» PROVIDED DATA
+ + + +

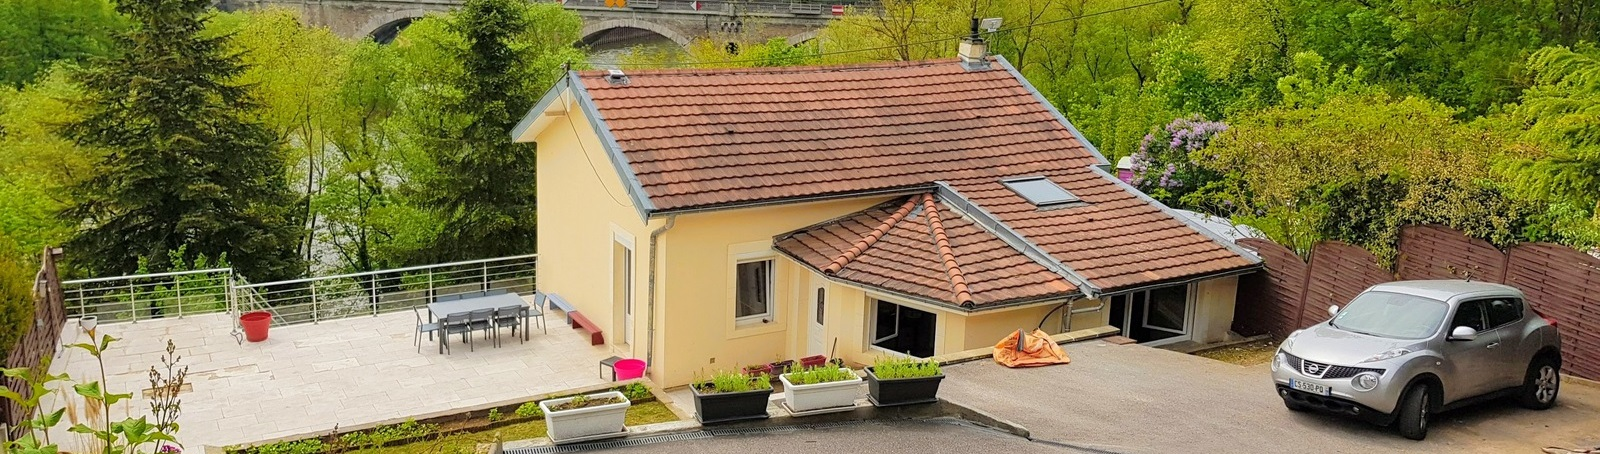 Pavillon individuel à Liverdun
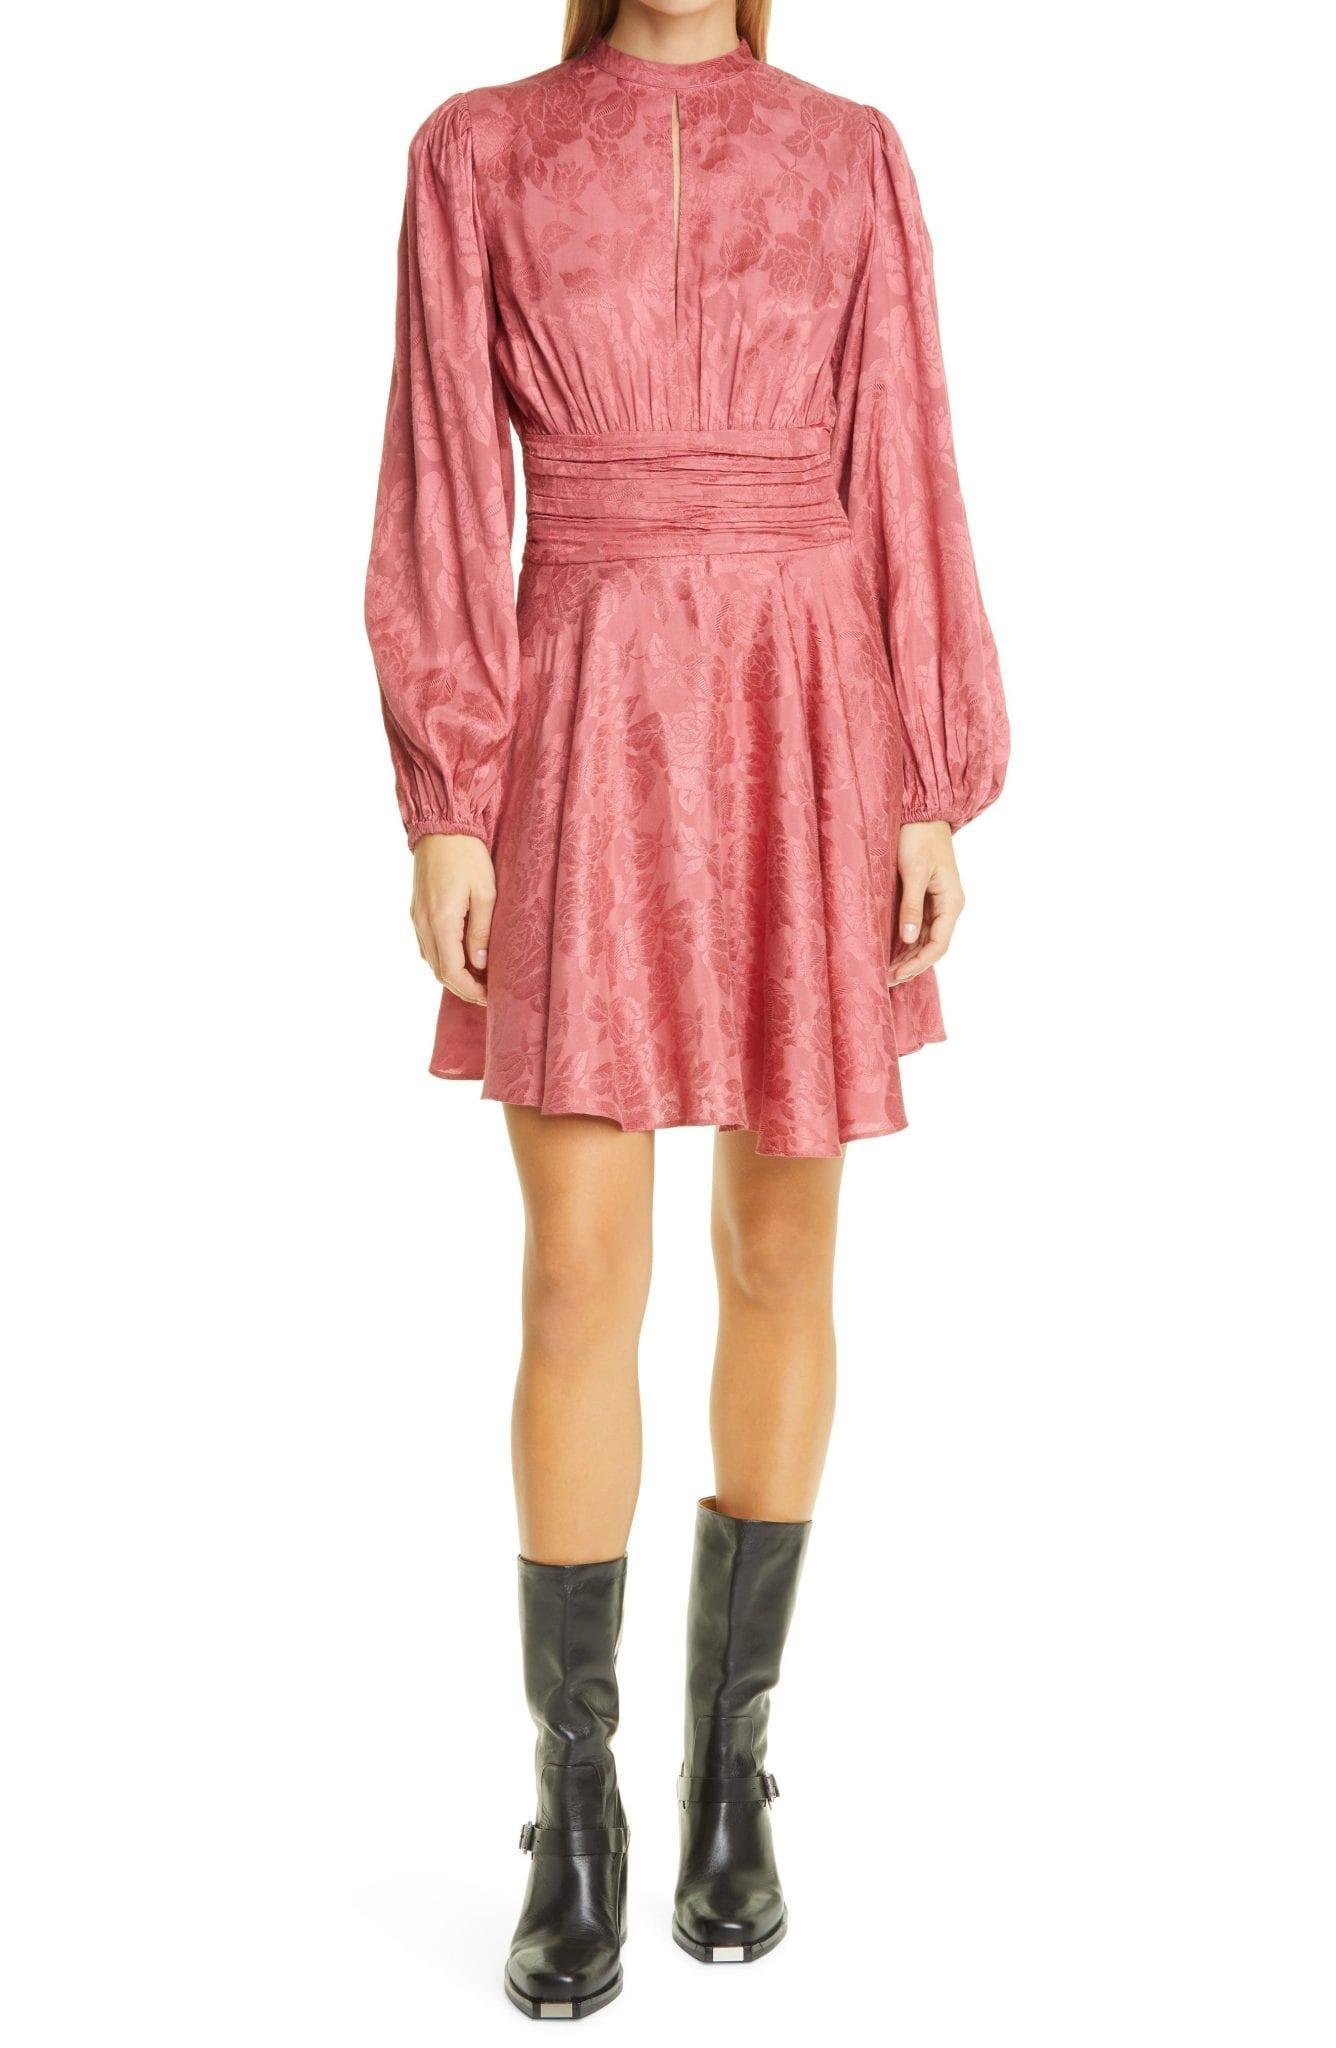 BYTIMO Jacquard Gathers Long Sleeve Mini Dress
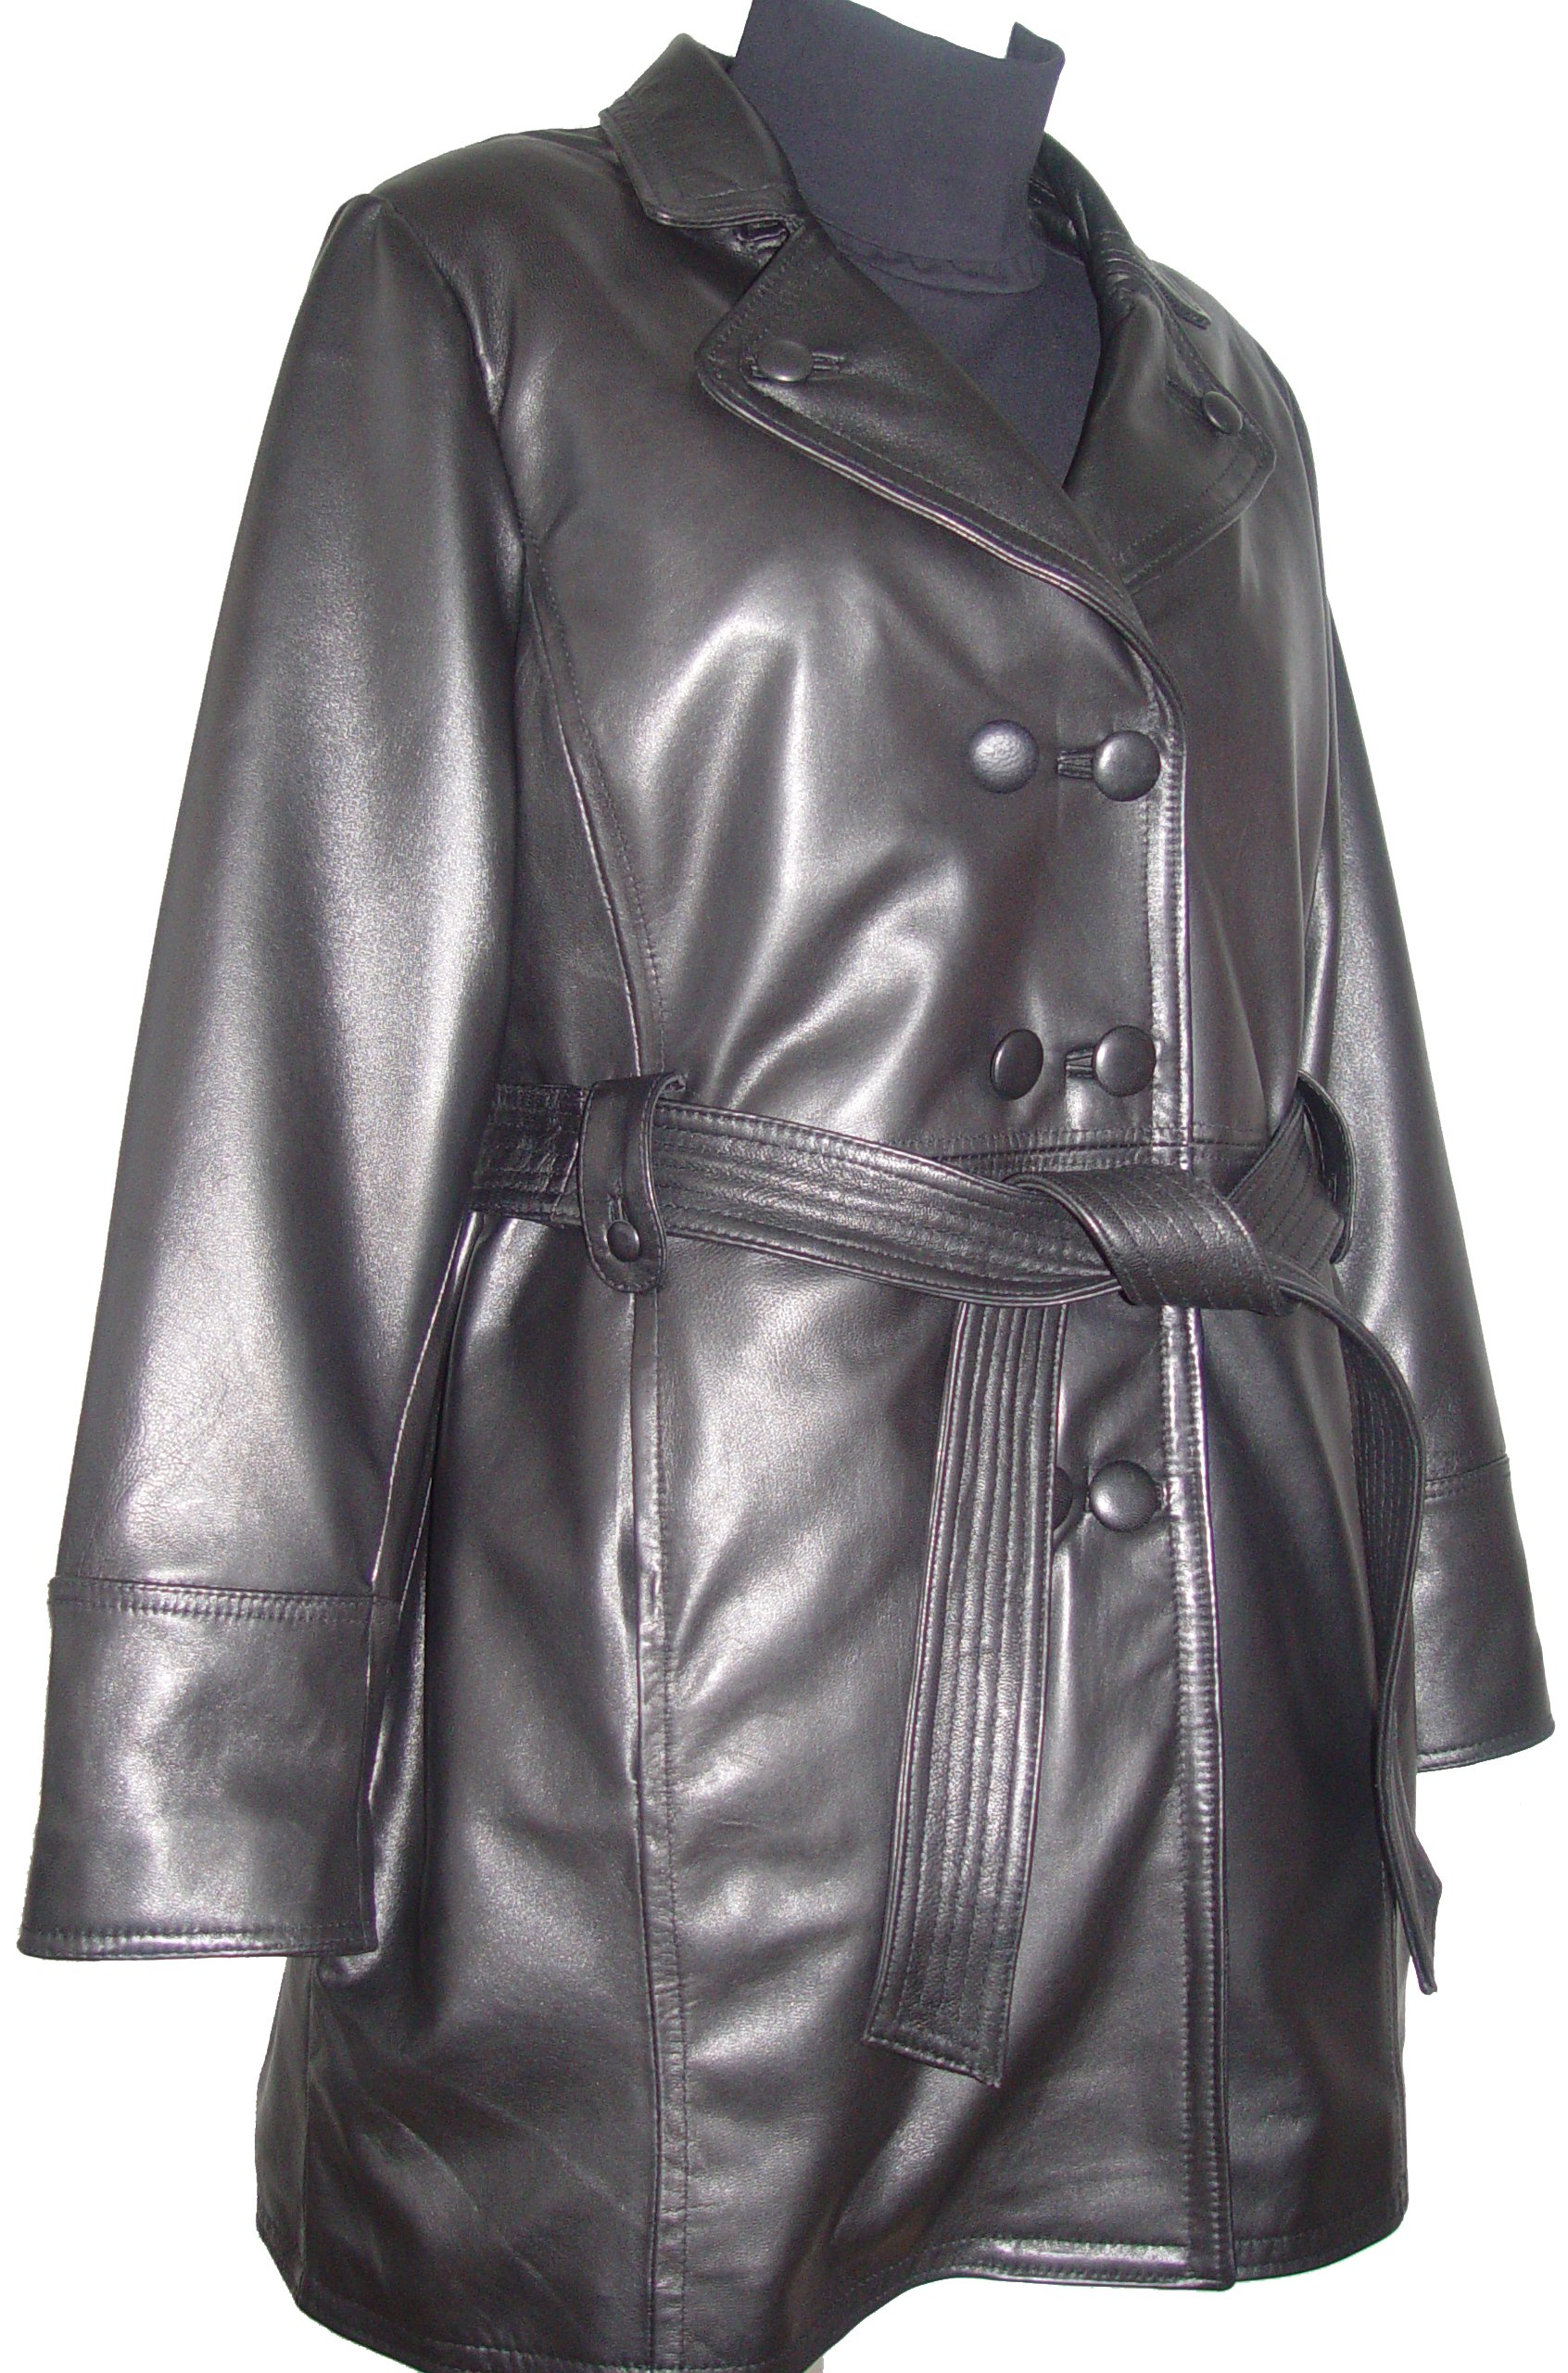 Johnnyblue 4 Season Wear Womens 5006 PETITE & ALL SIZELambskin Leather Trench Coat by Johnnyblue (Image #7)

+ + + +

» WHAT TO DO
Restate the whole listing above exactly, except for its images.

» EXERCISE SOLUTION
 Pavillon individuel à Liverdun
 BYTIMO Jacquard Gathers Long Sleeve Mini Dress
 Johnnyblue 4 Season Wear Womens 5006 PETITE & ALL SIZELambskin Leather Trench Coat by Johnnyblue (Image #7)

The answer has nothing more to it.